# What to work on
Everything in the listing that follows should be reproduced exactly except the pictures.

# Dataset excerpt
————

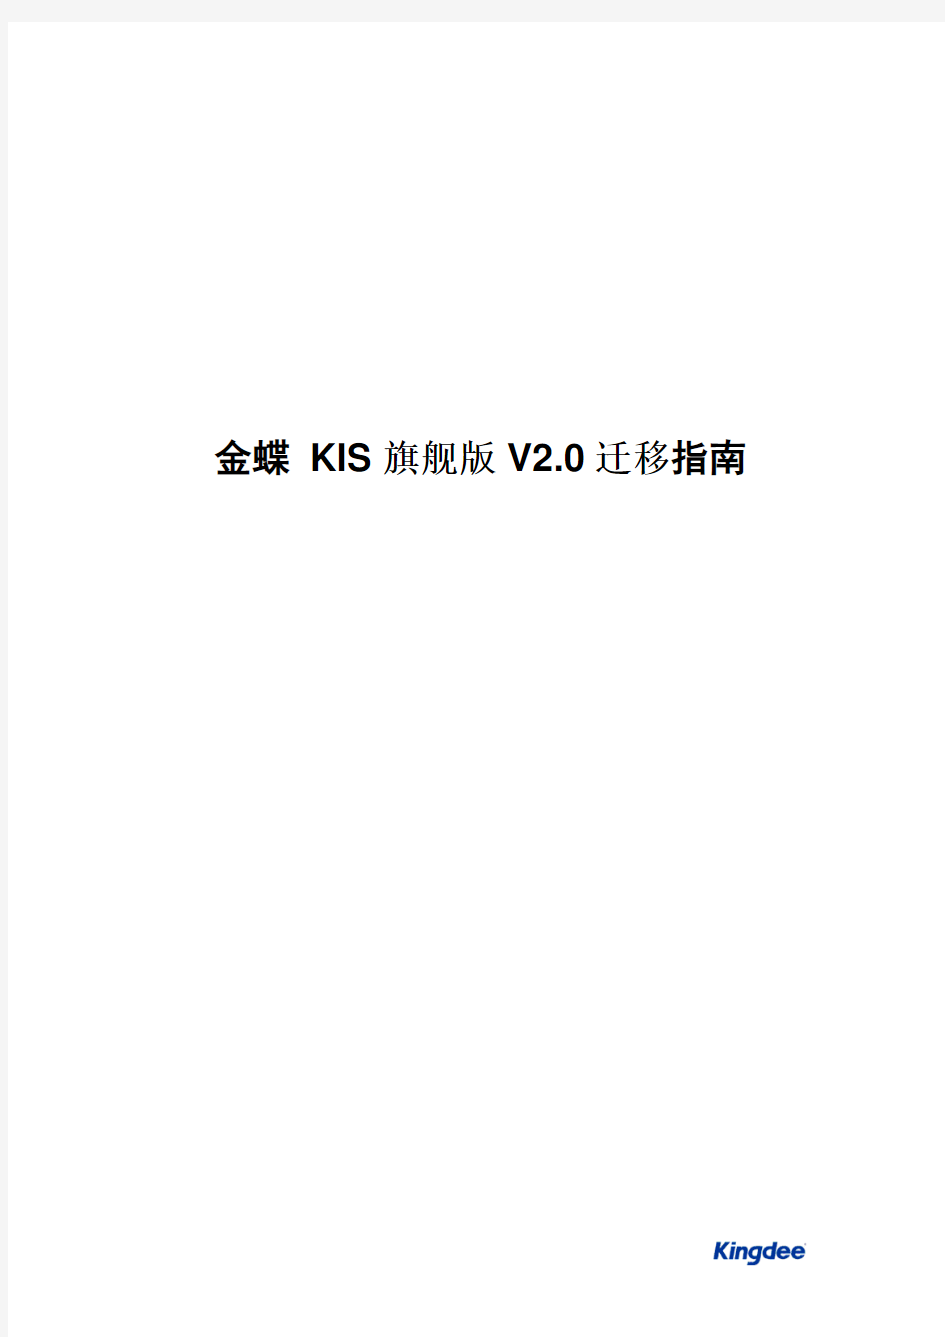 金蝶KIS旗舰版V2.0迁移指南
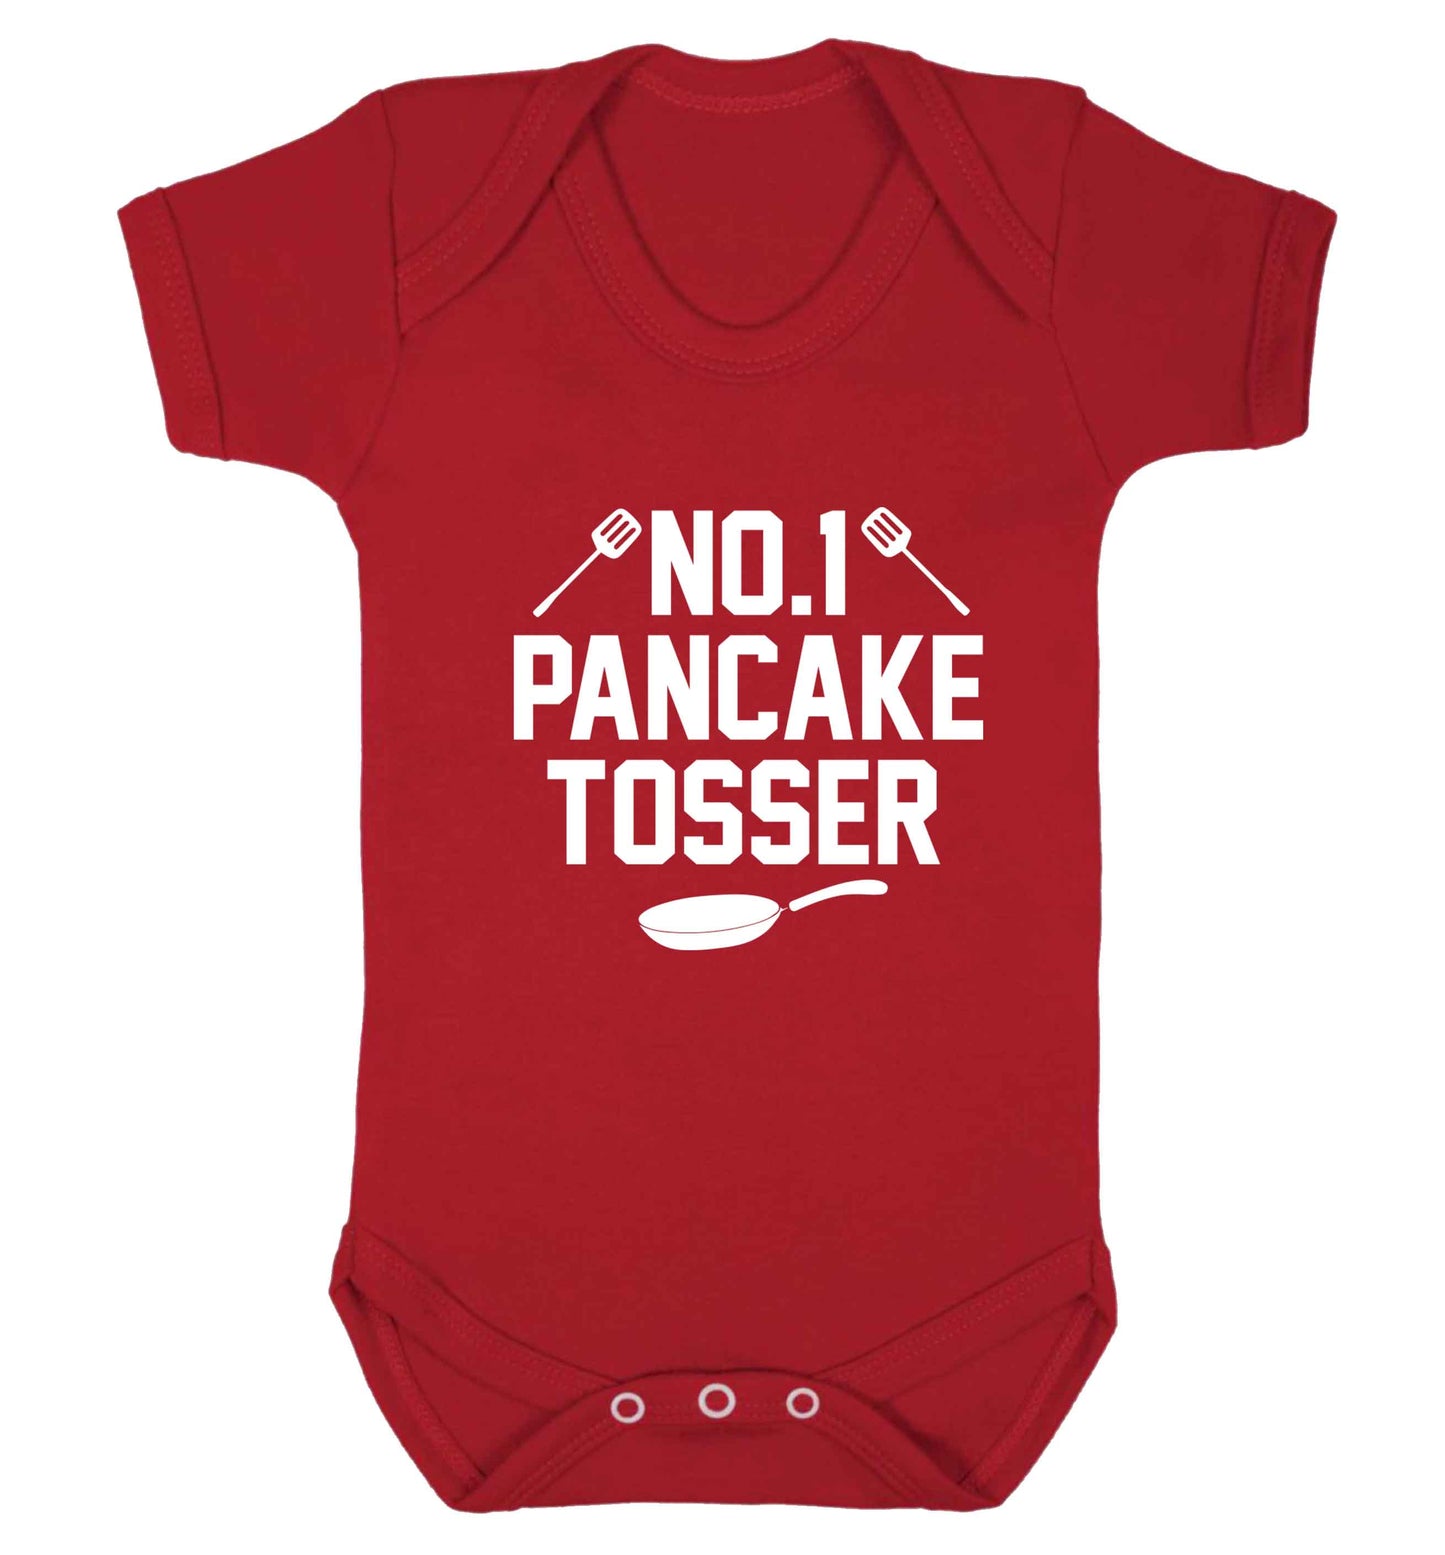 No.1 Pancake tosser baby vest red 18-24 months
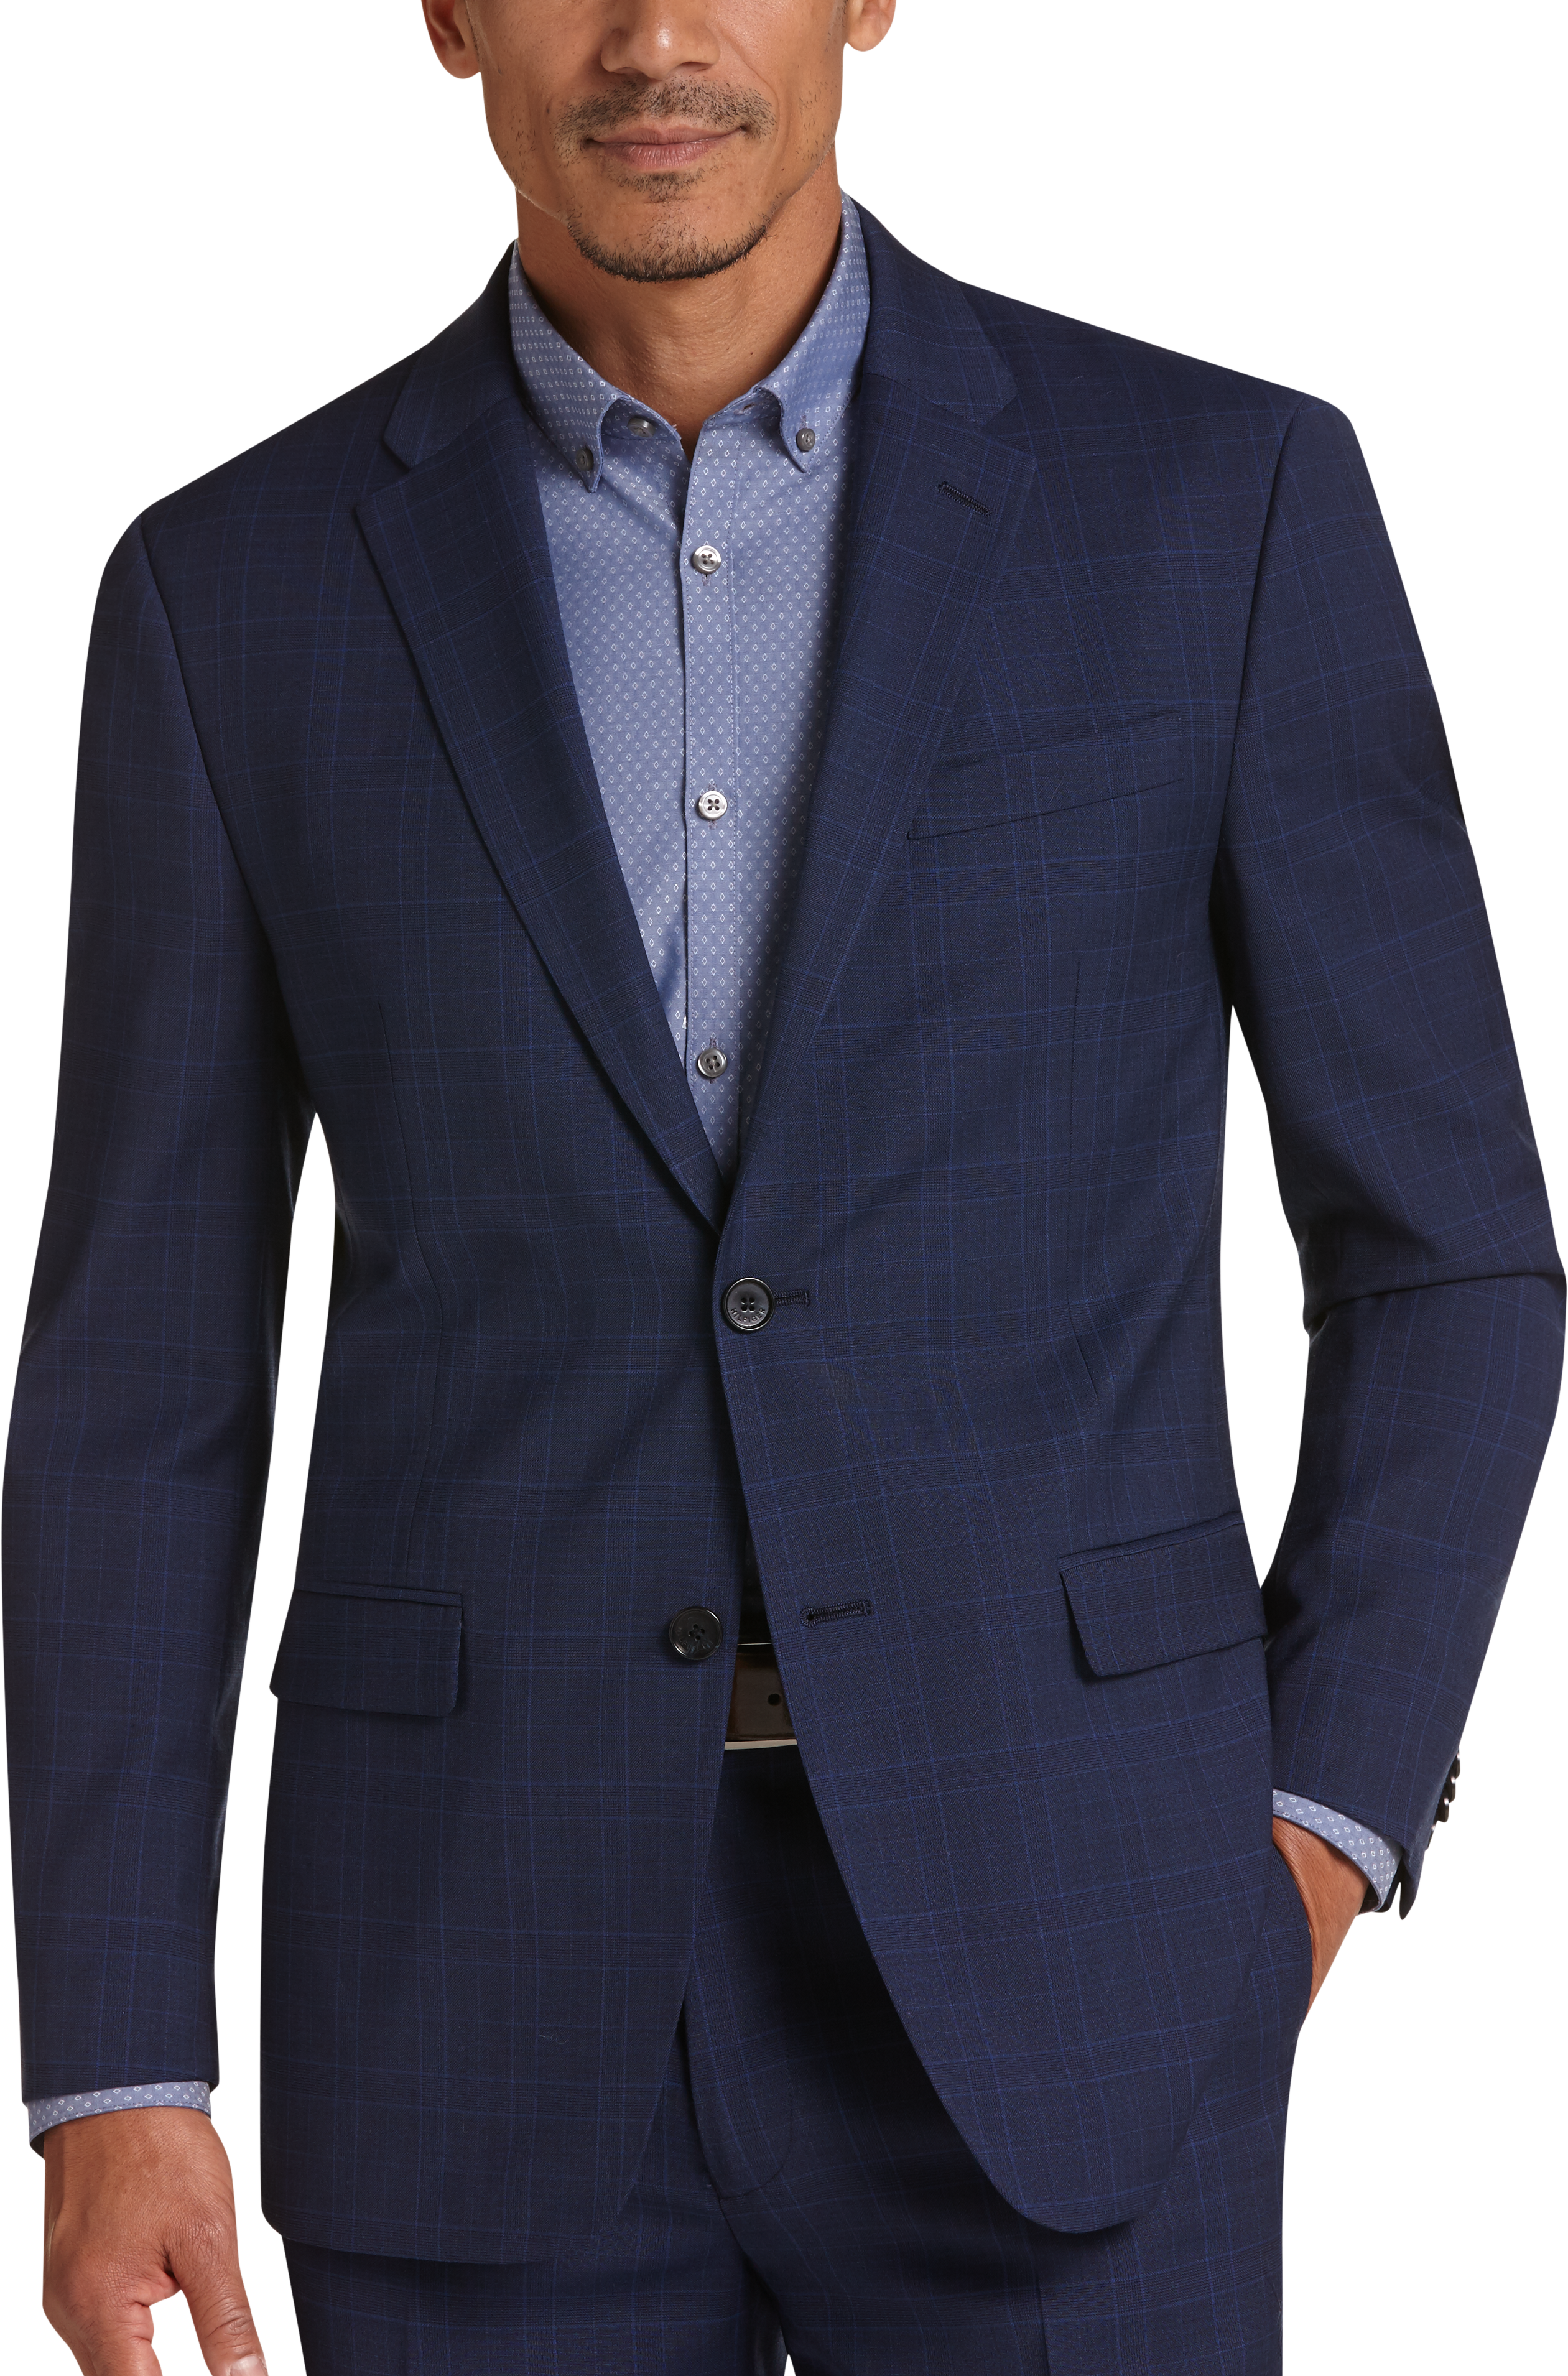 men's wearhouse tommy hilfiger blue suit

————

# Solution to the problem
 金蝶KIS旗舰版V2.0迁移指南
 No.1 Pancake tosser baby vest red 18-24 months
 men's wearhouse tommy hilfiger blue suit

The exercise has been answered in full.